If $x^3(x+1) = 2(x+a)(x+2a)$ then $x^4 + x^3 - 2x^2 - 6ax - 4a^2 = 0$. That factorises as $$x^4 + x^3 - 2x^2 - 6ax - 4a^2 = (x^2-x-2a)(x^2+2x + 2a) = 0.$$ If $x^2-x-a = 0$ then $x = \frac12\bigl(1\pm\sqrt{1+8a}\bigr).$ If $x^2+2x + 2a = 0$ then $x = -1\pm\sqrt{1-2a}$.

Trade secret: where did the factorisation $x^4 + x^3 - 2x^2 - 6ax - 4a^2 = (x^2-x-2a)(x^2+2x + 2a)$ come from?

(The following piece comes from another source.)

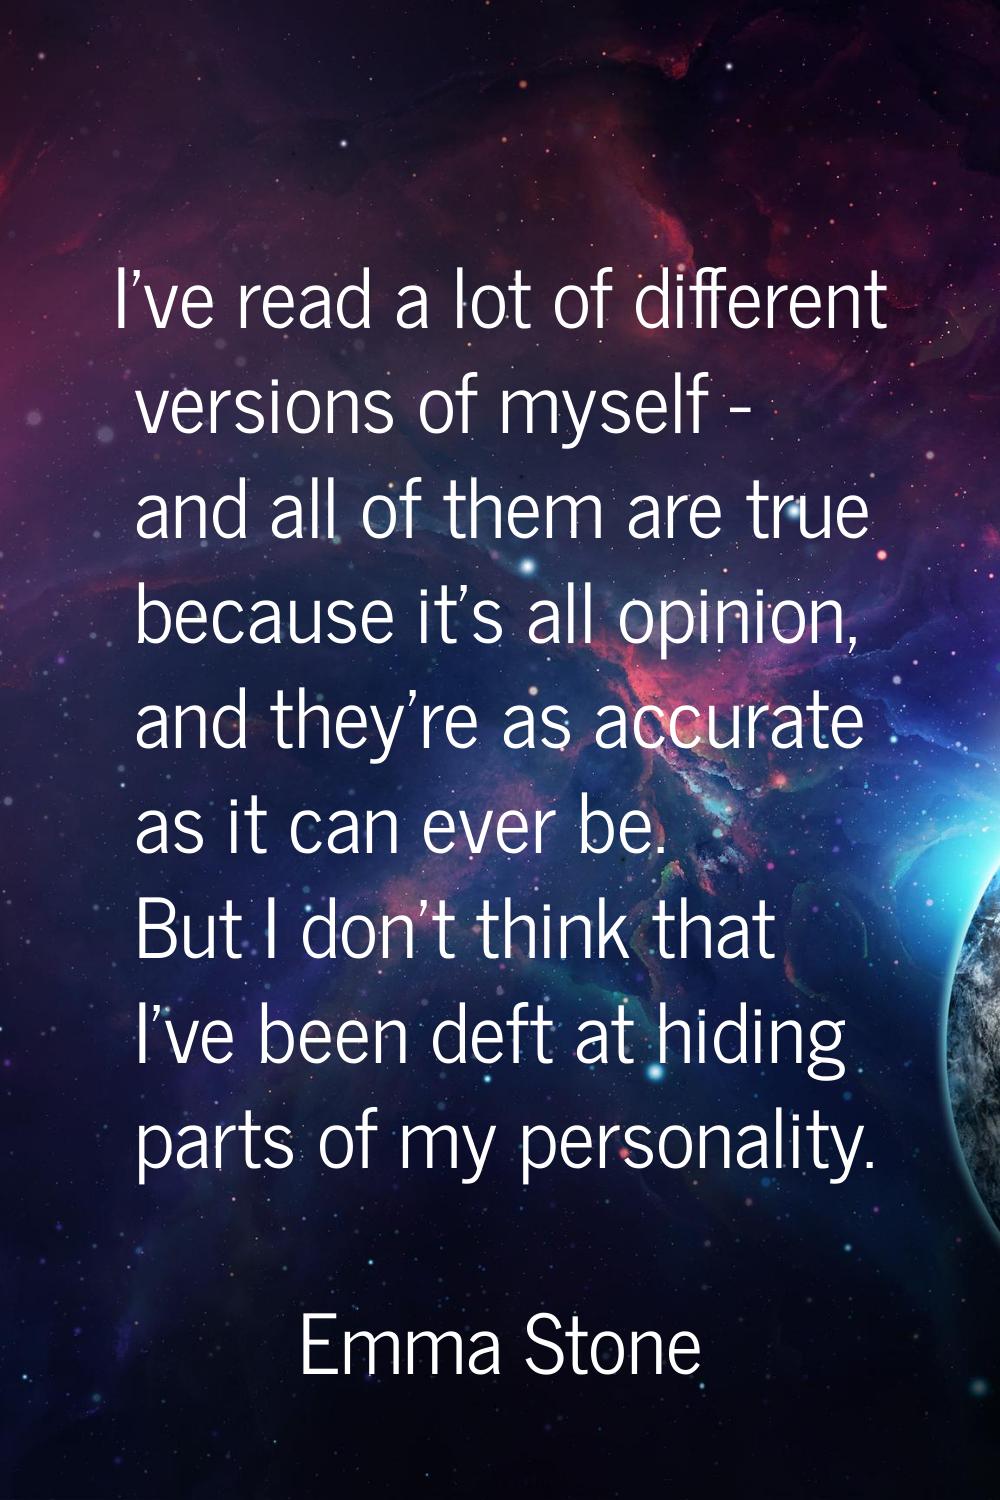 I've read a lot of different versions of myself - and all of them are true because it's all opinion

Replace the parameter $a$ by $y$, and get Desmos to graph the curve $x^4 + x^3 - 2x^2 - 6xy - 4y^2 = 0$:

This clearly splits into two separate parabolas, which both go through the origin. The upwards-opening parabola has its vertex at $\bigl(\frac12,-\frac18\bigr)$. The downwards-opening parabola has its vertex at $\bigl(-1,\frac12\bigr)$. From that it is easy to find that the first parabola has equation $y = \frac12\bigl(x-\frac12\bigr)^2-\frac18$, or $x^2 - x - 2y = 0$. And the second parabola has equation $y = -\frac12(x+1)^2 + \frac12$, or $x^2 + 2x + 2y = 0.$ Therefore $$x^4 + x^3 - 2x^2 - 6xy - 4y^2 = (x^2 - x - 2y)(x^2 + 2x + 2y).$$ Now replace $y$ by $a$ to get the required factorisation.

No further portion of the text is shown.